The thermometer he used was a foot long and required 20minutes to register the temperature. Unfortunately the size of this tool was still an issue but Aitkin made a new one more manageable in 1852.  

For the first time, thermometer could be removed from the axilla to read it, making it very convenient. 

However, Thomas Clifford Allbutt considered the length still incovenient and designed a portable thermometer in 1866 which measured 6 inches and recorded a temperature in 5 minutes. This was a record at the time. 

Finally, thermometers disseminated and today the measurement of termperature is an unavoidable routinge. 

 

 

Endoscopes: the art of looking inside



The earliest examination through an ancestor endoscope was attempted by the ancient Greeks and Romans BC.

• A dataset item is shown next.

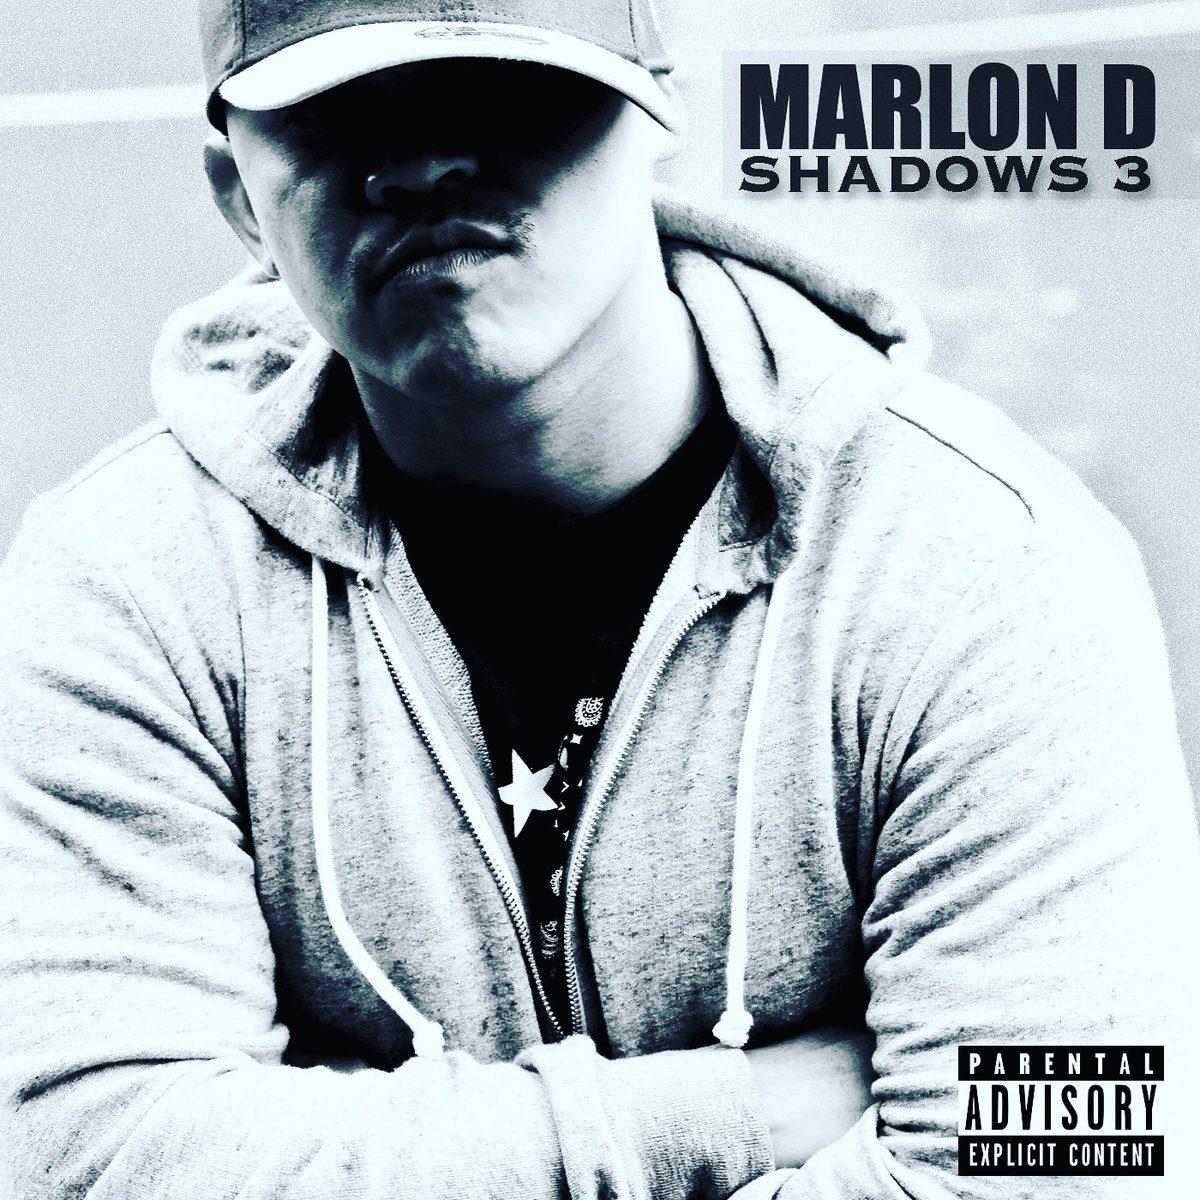 Marlon D - Shadows 3 (Album Review)
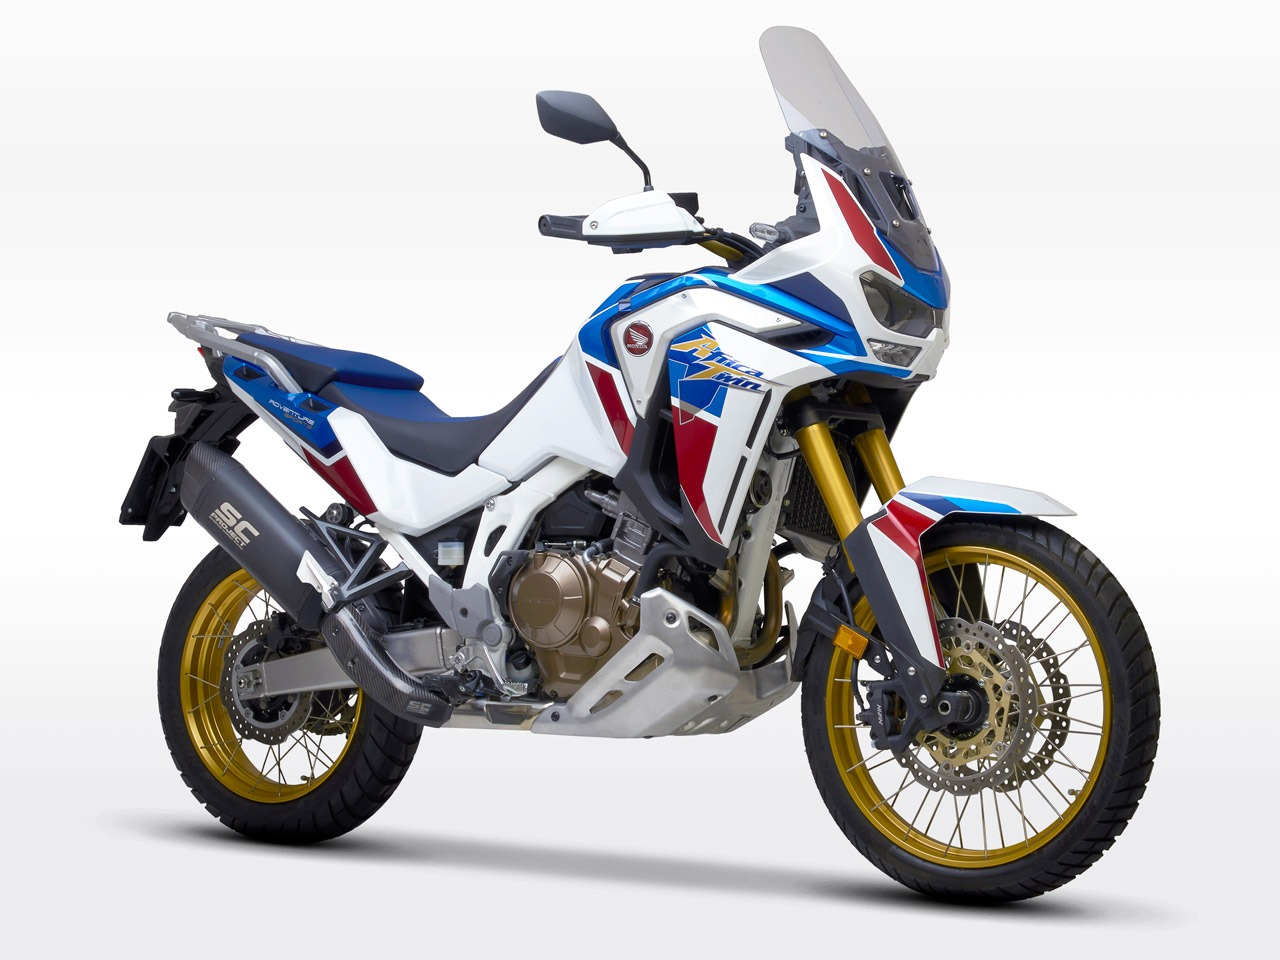 Honda_CRF1100L-AfricaTwin_my2021_Adventure-MattBlack_3-4Anteriore_1280x960px_web-partnership

Physicians have been able to look into human orifices through specula with the little illumination of a candle or oil lamp being reflected internally with mirrors.

Hippocrates knew about rectoscopes and there is evidence of some specula recovered from the ruins of Pompeii.

Vaginal specula were described in the Babylonian Talmud (AD 257). And Abulcasis of Cordoba, a great Arab surgeon, used a glass mirror to review the inside of the uterine cervix (around AD 1000).

But it was not until Philip Bozzini in 1805 when for the first time, he examined a living human body directly through a tube he created called a light guiding instrument.

In 1853, the French Antoine Jean Desormeaux, developed a tool to assess the inside of the bladder and he called it "endoscope" for the first time.

Adolph Kussmaul succeeded at checking inside the stomach of a living human body in 1868. He tried on a sword-swallower, who “swallowed” a straight 47 cm long metal tube with a diameter of 13 mm.

Many other endoscopes have been designed to examine different areas in the body but the first flexible one was designed by Rudolph Schindler in 1932 to examine the stomach.

Nowadays this is a routine procedure, and the devices are much more comfortable.

Briefly the stethoscope: eavesdropping?


Stethoscope is derived from the two Greek words, stethos (chest) and scopos (examination).

In the early XVIII century, physicians performed immediate auscultation by placing their ear directly on the patient to hear internal sounds but that was awkward and in 1816 Laënnec decided not to perform immediate auscultation in a young female, so he rolled a sheet of paper to create a tube and he could hear clearly the heart sounds. Bingo! The first stethoscope done.

Much improvements since but the basics are the same. 

REFERENCES


1. MS Pearce, "A brief history of the clinical thermometer", QJM: An International Journal of Medicine, 95/4 (2002), pp 251-252

2. South Australian Medical Heritage Society Inc, Website for the Virtual Museum Retrieved from http://samhs.org .au/Virtual%20Museum/Medicine/stethoscopes/stethoscopes.htm

3. The Rose Melnick Medical Museum. A short history of stethoscopes. Retrieved from http://ros emelnickmuseum.wordpress.com/2009/12/01/a-short-history-of-stethoscopes

4. Spaner SJWarnock GL. A brief history of endoscopy, laparoscopy, and laparoscopic surgery. J Laparoendosc Adv Surg Tech A. 1997;7(6):369-73.